Куски почвы вырывались из земли, словно жаждали свободы; от кургана, в котором попадались камни, поднимался густой опаловый запах. Повинуясь предвкушению, я двигался в синкопированном ритме копания, ритме этой ударной композиции, личной для меня, будто онанизм – то движение, то ожидание, то вдох, то выдох, внутри и вокруг – невидимый пульс мелодии, плач, принимающей очертания песни Ханибоя. Не осталось ничего, кроме чёрной стены и его мелодии, и я двигался в такт. Голова разрывалась под бесконечным давлением, нос щедро истекал кровью, руки, сжимавшие ручку совка, горели от свежих, влажных, гноящихся нарывов. Я ощущал силу собственного тела и наслаждался ею; земля просочилась в каждую пору, в рот, во все ложбинки и расщелины тела, но я совершенно не чувствовал её тяготения.

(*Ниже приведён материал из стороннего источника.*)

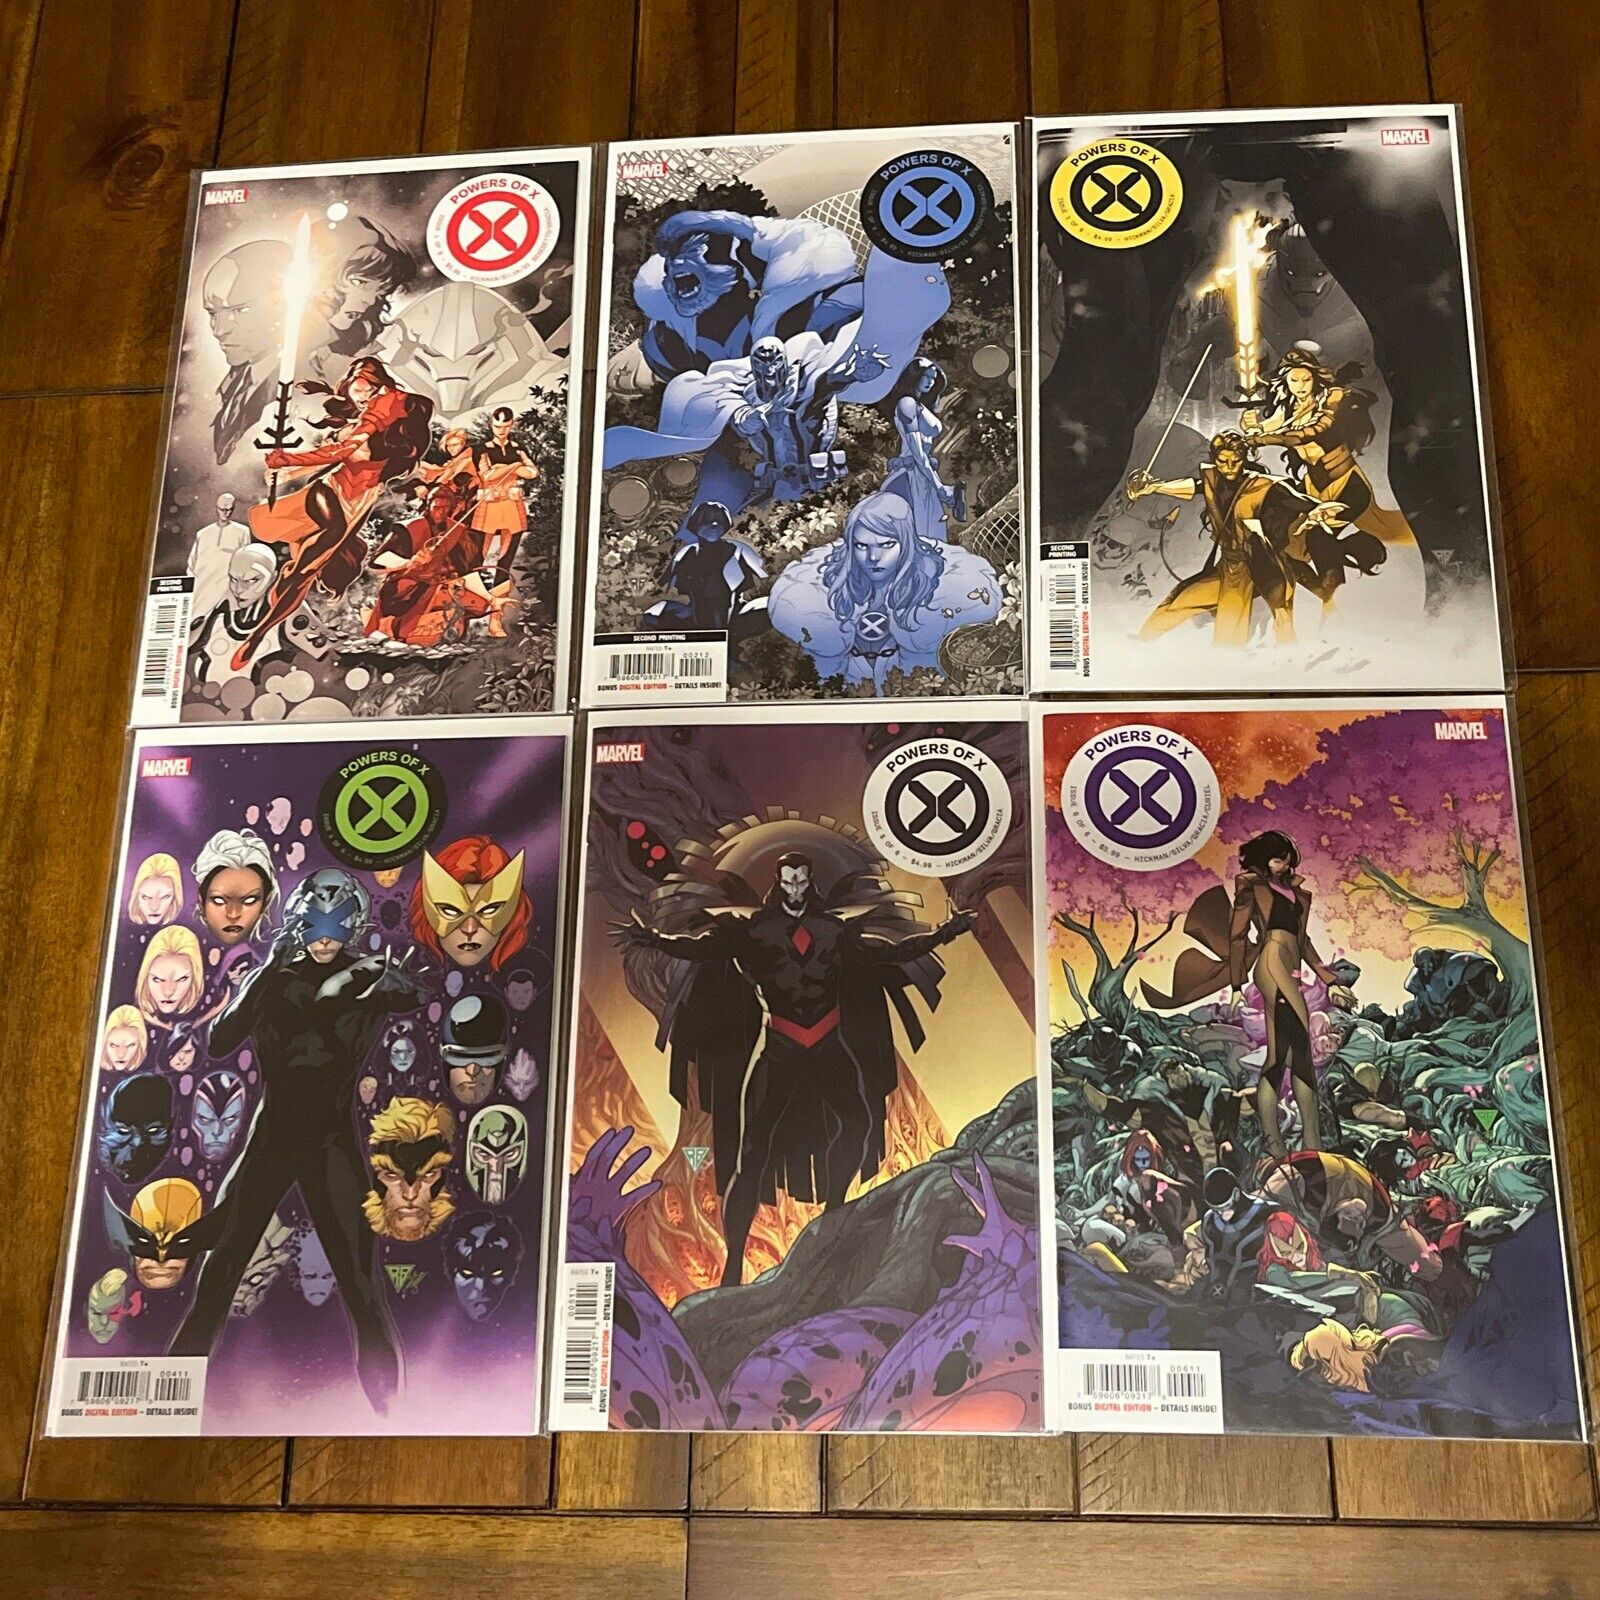 POWERS of X #1-6 (2019) Full Series / VERY HIGH Grade Lot of 6 Books Never Read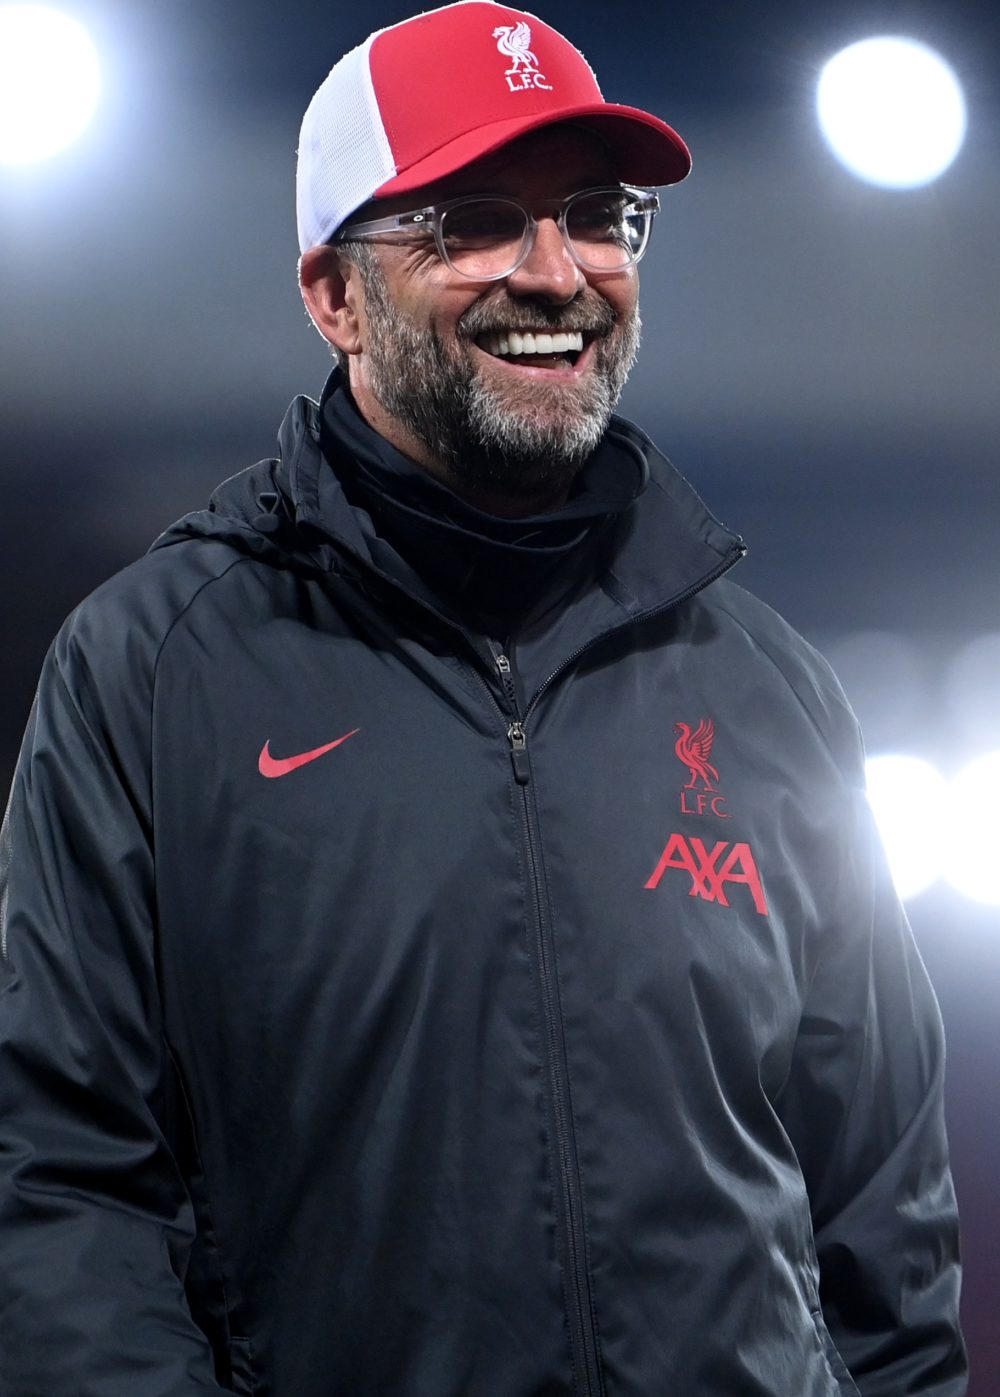 LIVERPOOL, ENGLAND - SEPTEMBER 28: Jurgen Klopp, Manager of Liverpool reacts following his sides victory in the Premier League match between Liverpool and Arsenal at Anfield on September 28, 2020 in Liverpool, England. Sporting stadiums around the UK remain under strict restrictions due to the Coronavirus Pandemic as Government social distancing laws prohibit fans inside venues resulting in games being played behind closed doors. (Photo by Laurence Griffiths/Getty Images)

Стало слишком темно. У ног безымянного каменного ангела я поставил принесённые свечи и зажёг. Я стоял в яме по пояс, когда лопата наткнулась на доски; ещё час понадобился, чтобы расчистить крышку гроба и открыть. Ничто не вызывает такого разочарования, как вид истлевшей оболочки человека: одежда рассыпалась в прах и гниль, сквозь останки плоти проглядывают кости. Пергаментные лоскуты на челюсти и скулах натянулись, будто дублёная кожа; в остальных же местах они выглядят будто погрызенные крысами лохмотья. Пасть мертвеца драматично разверзлась передо мной; переставив свечи, я сел, закурил и стал смотреть на него: ухмыляющаяся нижняя челюсть слегка вывихнута, словно от беззвучного крика. При жизни его зубы сточились или сгнили от диеты, богатой яблоками с их сахаром – зубы определённо принадлежали мужчине: останки одежды походили на костюм. Я взглянул на часы при свете свечей – всего восемь.
Встав с земли, я пошёл искать Десро и Молли. Нужно было отдохнуть, прежде чем делать то, что должен.
Когда я пишу эти строки, уже поздно. Всё, написанное в этом дневнике, я перечитал при свете свечей в поисках намёка на природу Амойры, Ханибоя или «Алой короны», «Couronné en écarlate».